** Opening DATASET SECTION block **

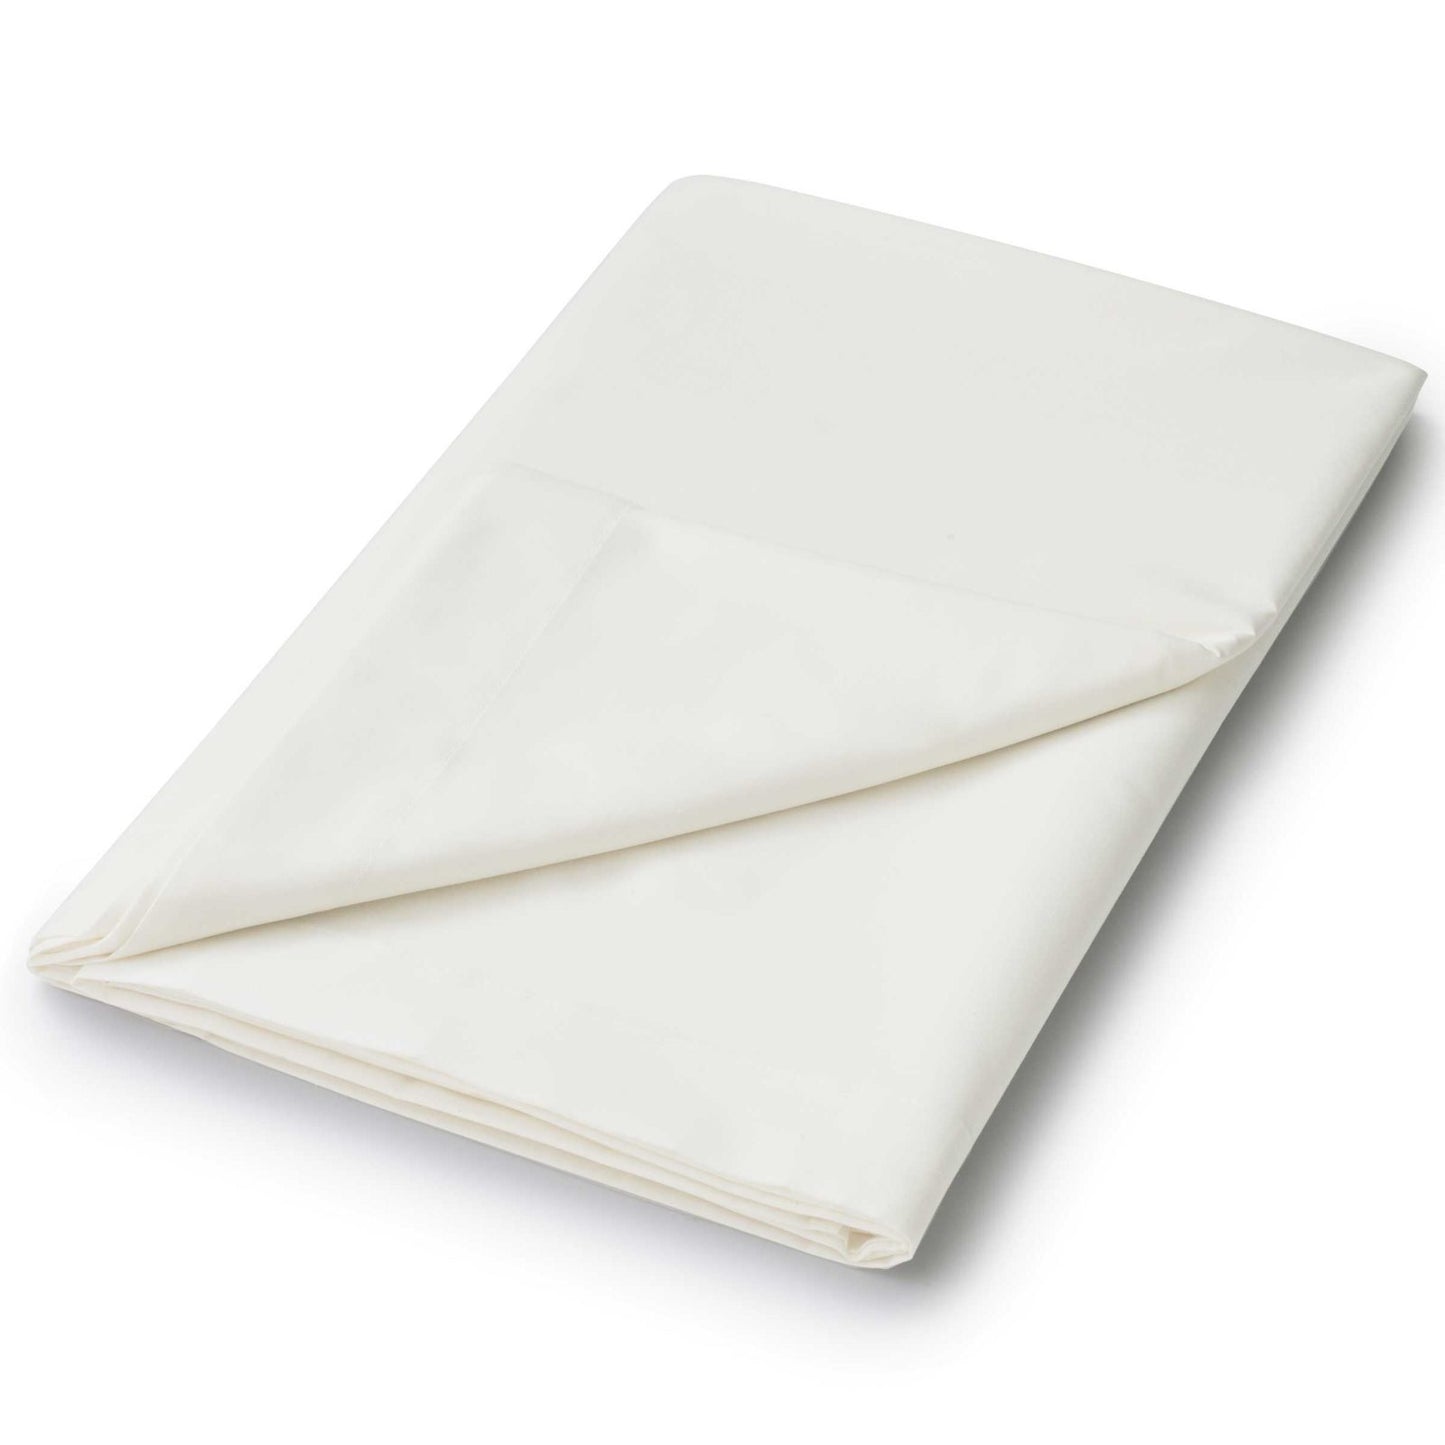 50/50 PLAIN DYE PERCALE DOUBLE FITTED SHEET - IVORY
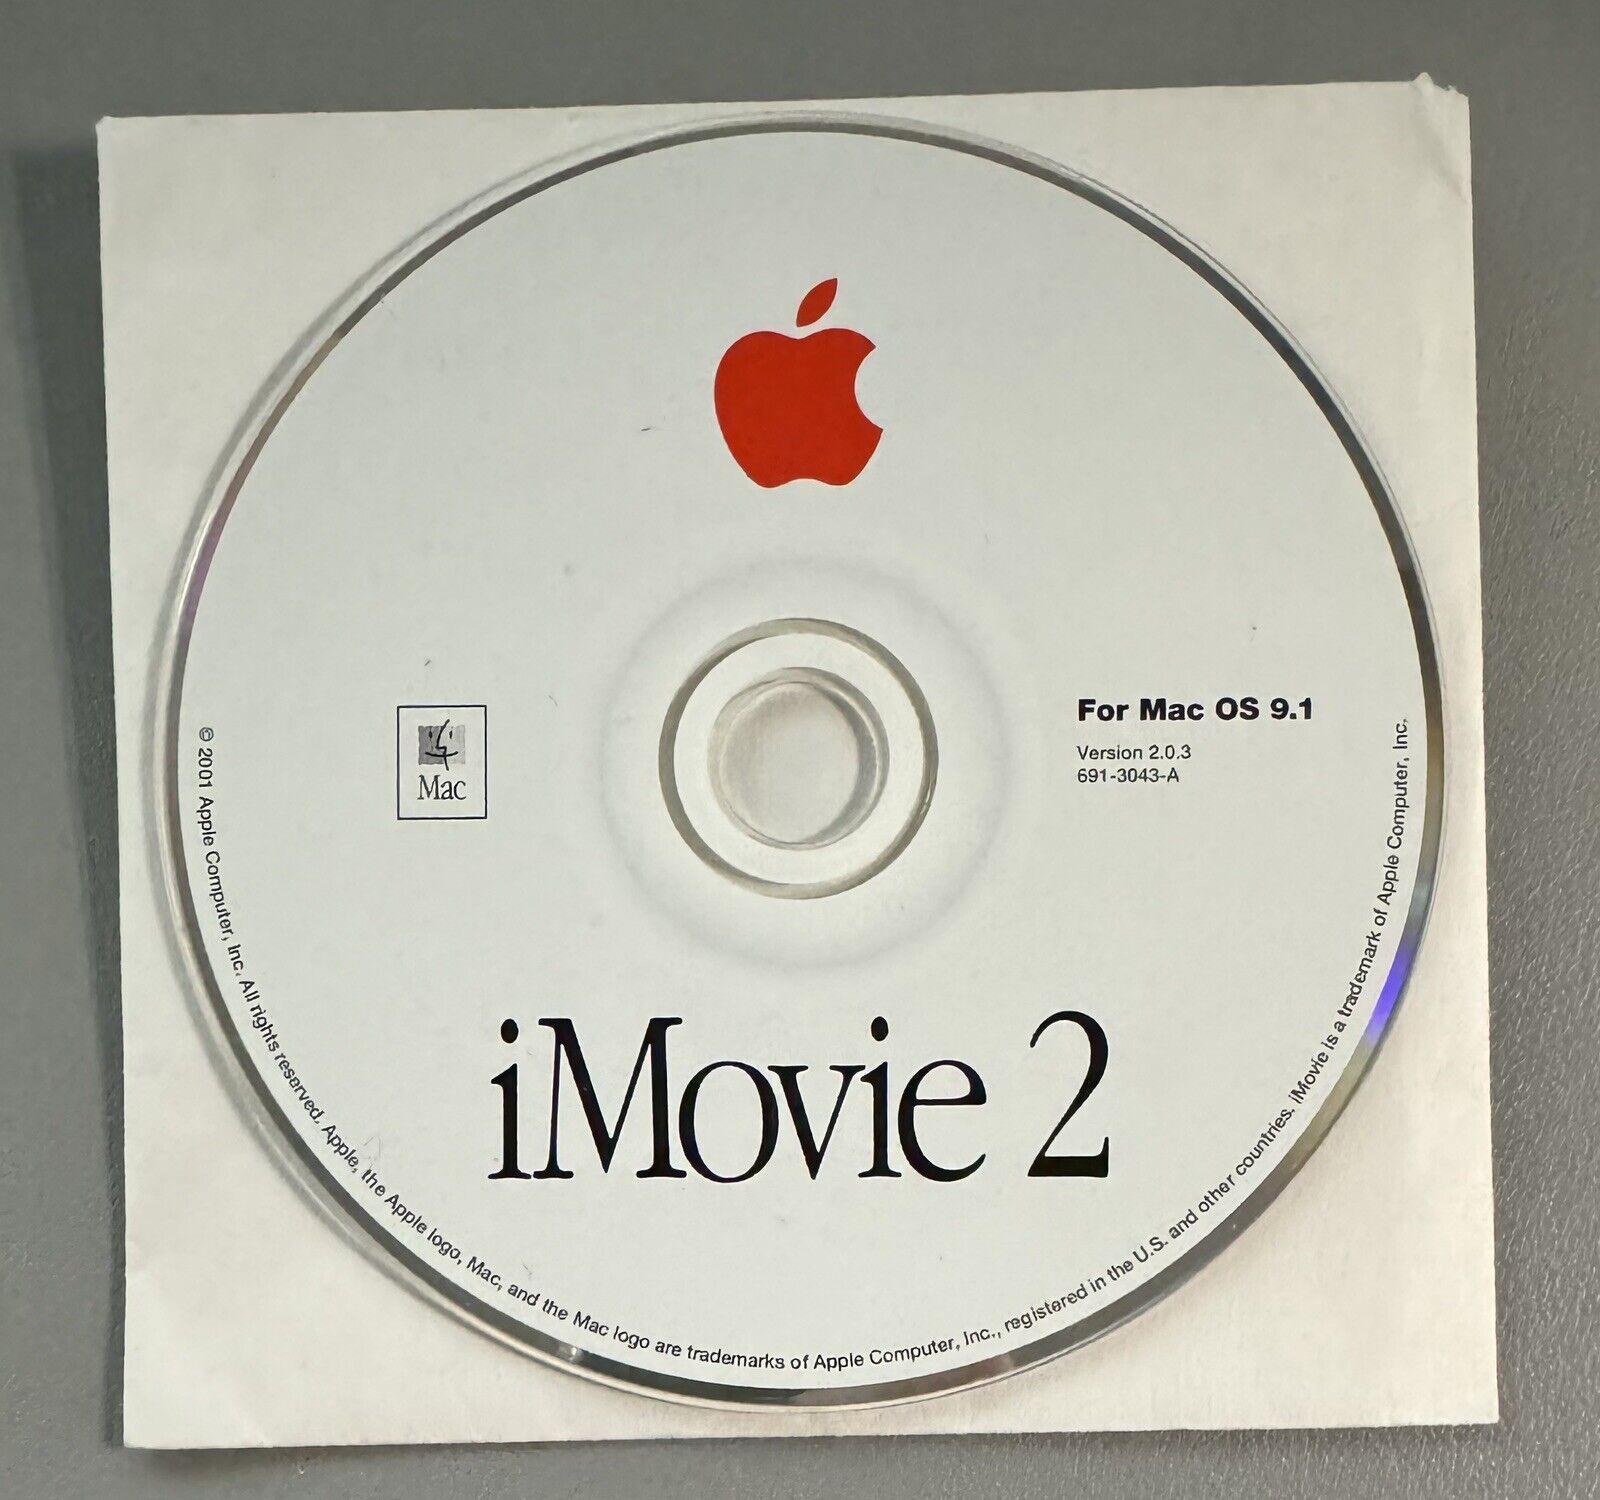 OEM Apple iMovie 2 For Mac OS 9.1 Software Version 2.0.3 691-3043-A
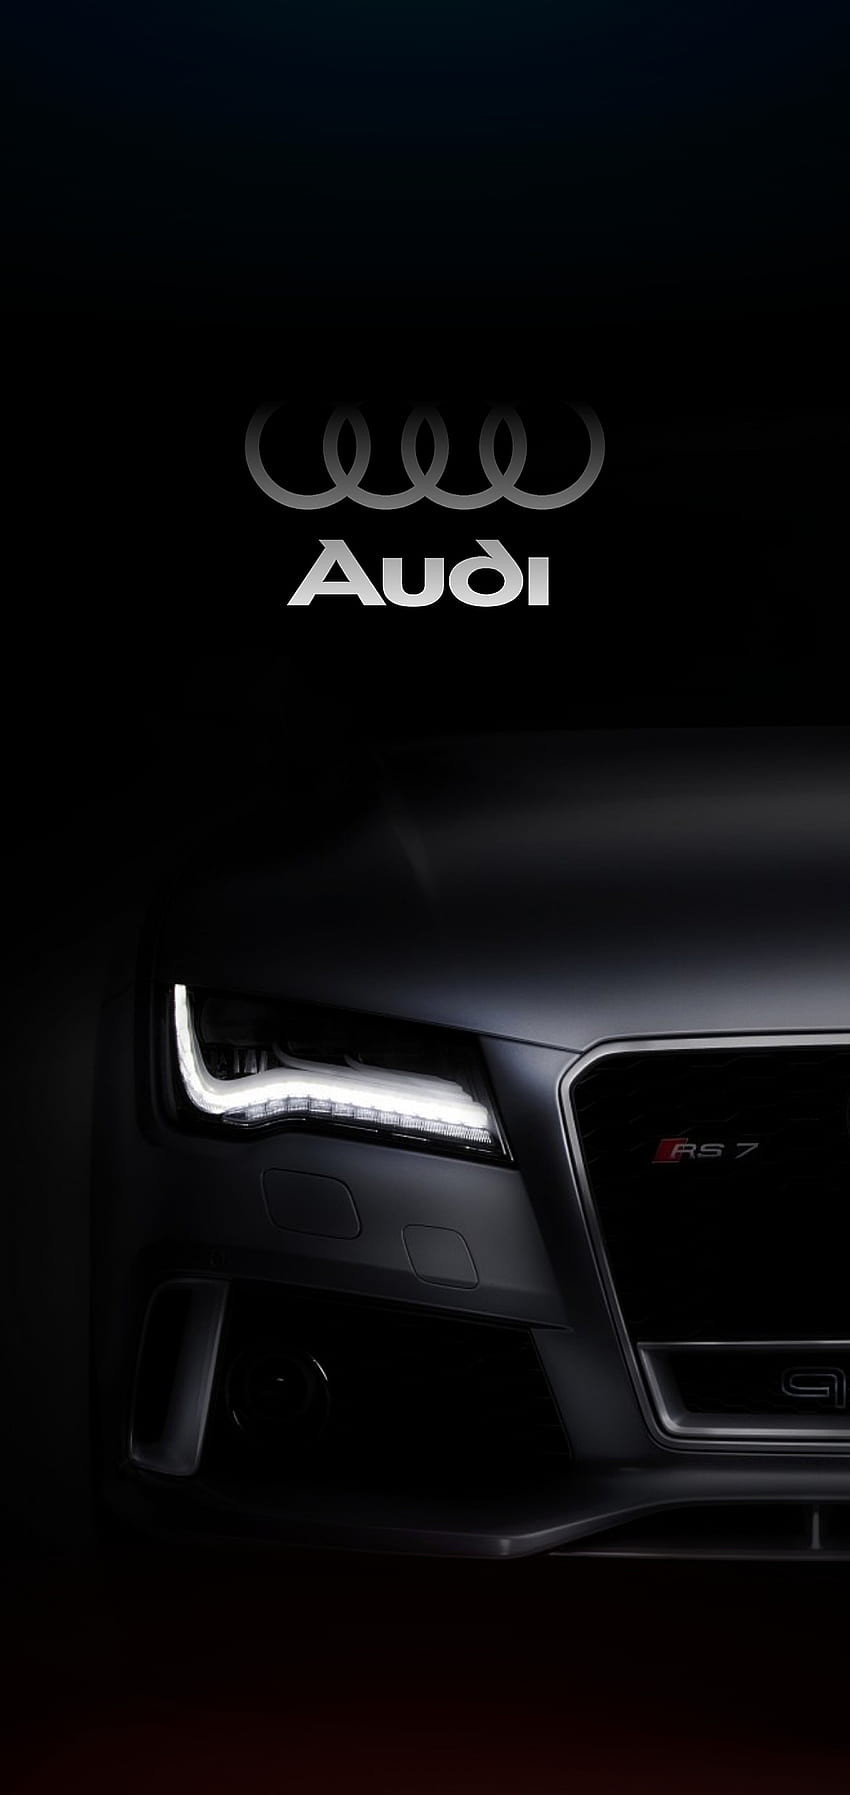 23 Incredible And Fascinating Audi Wallpapers To Check Out | Audi r8  wallpaper, Sports car wallpaper, 4 door sports cars

** Closing DATASET SECTION block **

WHAT IS NEEDED: Word for word, write out the whole listing, keeping none of the pictures.

RESPONSE BELOW:
 50/50 PLAIN DYE PERCALE DOUBLE FITTED SHEET - IVORY
 OEM Apple iMovie 2 For Mac OS 9.1 Software Version 2.0.3 691-3043-A
 23 Incredible And Fascinating Audi Wallpapers To Check Out | Audi r8  wallpaper, Sports car wallpaper, 4 door sports cars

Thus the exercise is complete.